Spotify has filed a prospectus with the US Securities and Exchange Commission (SEC) signaling its long-awaited initial public offering (IPO), with the music streaming service disclosing a growth rate of 45% last year, although 2017 losses exceeded $1bn.
The filing states that its total user base numbers 159 million total monthly users, with 71 million using its premium service while the remainder access its ad-supported offering, with Spotify defining this split as a “two-sided marketplace”.
This helped generate $4.6bn in revenue for 2017, but still equated to a loss of $1.4bn for the period (see chart).
“Our ad-supported service serves as a funnel, driving more than 60% of our total gross added premium subscribers since we began tracking this data in February 2014. With a 51% increase in revenue from our ad-supported service from 2015 to 2016 and a 41% increase in revenue from our ad-supported service from 2016 to 2017,” reads the SEC filing.

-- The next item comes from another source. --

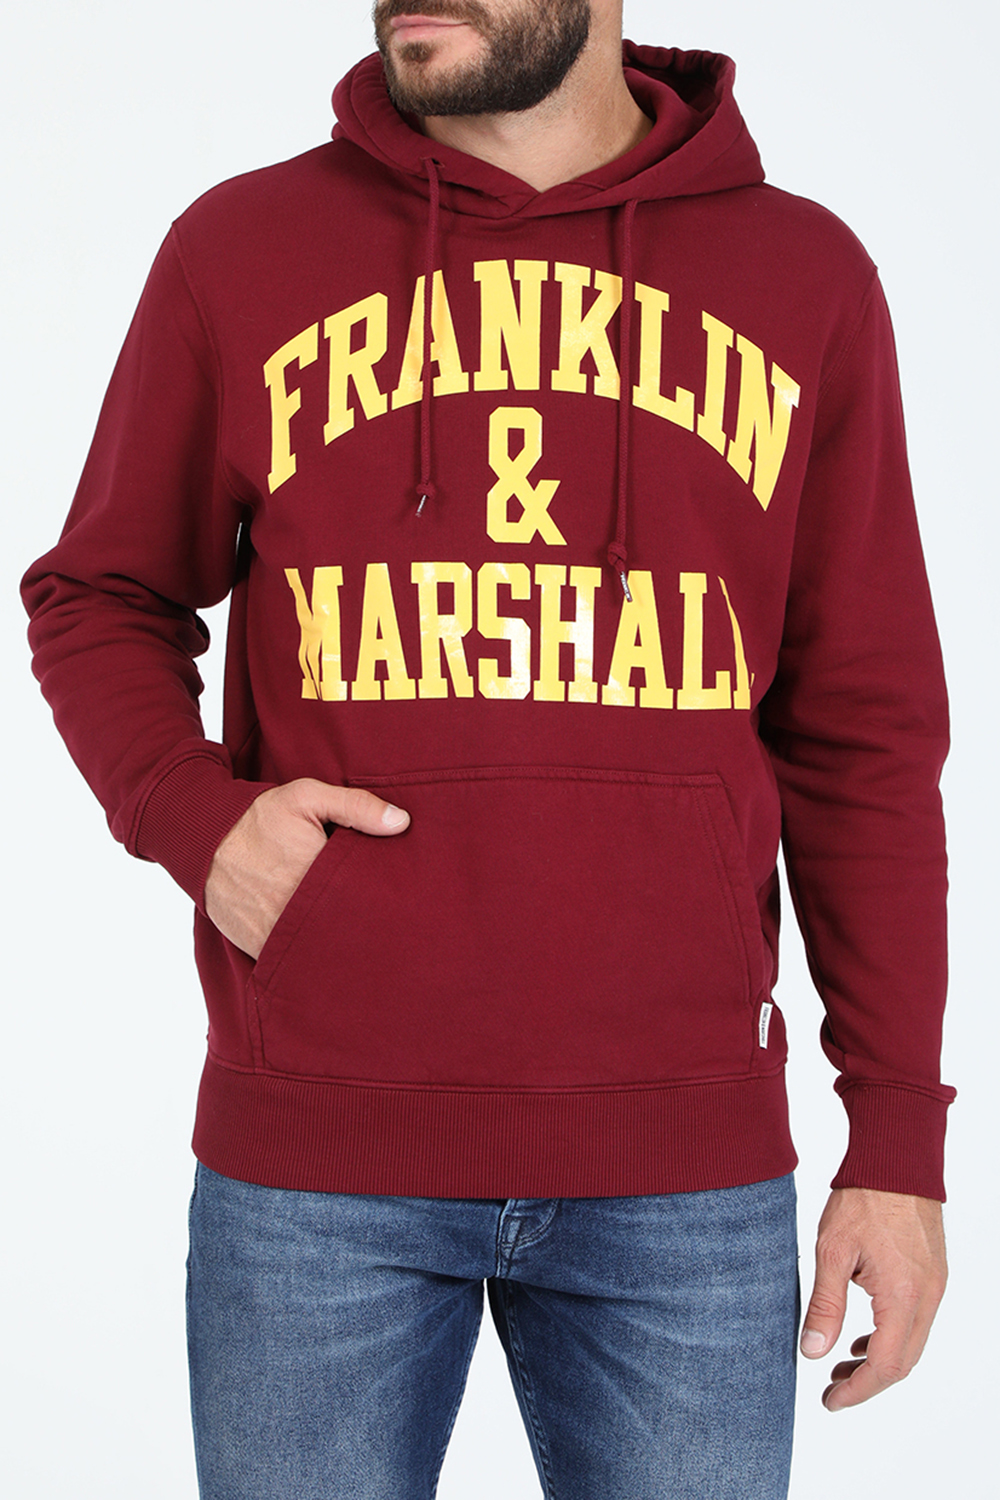 Ανδρικά/Ρούχα/Φούτερ/Μπλούζες FRANKLIN & MARSHALL - Ανδρική φούτερ μπλούζα FRANKLIN & MARSHALL μπορντό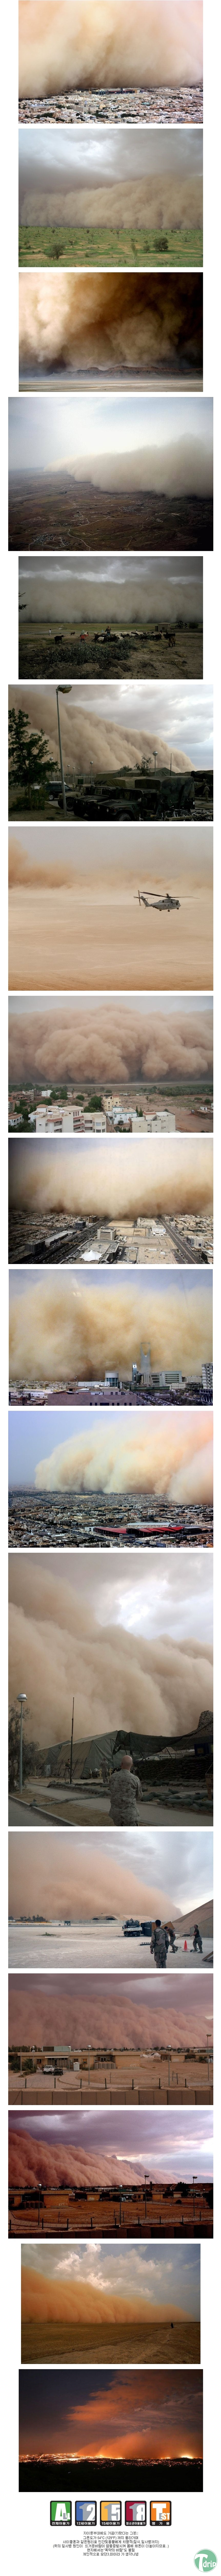 1 (3).jpg : 사막의 모래폭풍.jpg

It further goes on to illustrate the importance of its advertising offering, which has included a programmatic offering from early 2016, to its overall offering. It continues: “We believe our ad-supported service is a strong and viable stand-alone product with considerable long-term opportunity for growth in ad-supported users and revenue. However, we face intense competition in growing both our ad-supported users and premium subscribers, as well as in keeping our users highly engaged. If user engagement declines or if we fail to continue to grow our ad-supported user base or premium subscriber base, our revenue growth will be negatively impacted.”
Spotify will list on the New York Stock Exchange, but the prospectus does not offer any indication as to the exact date of when the IPO will take place.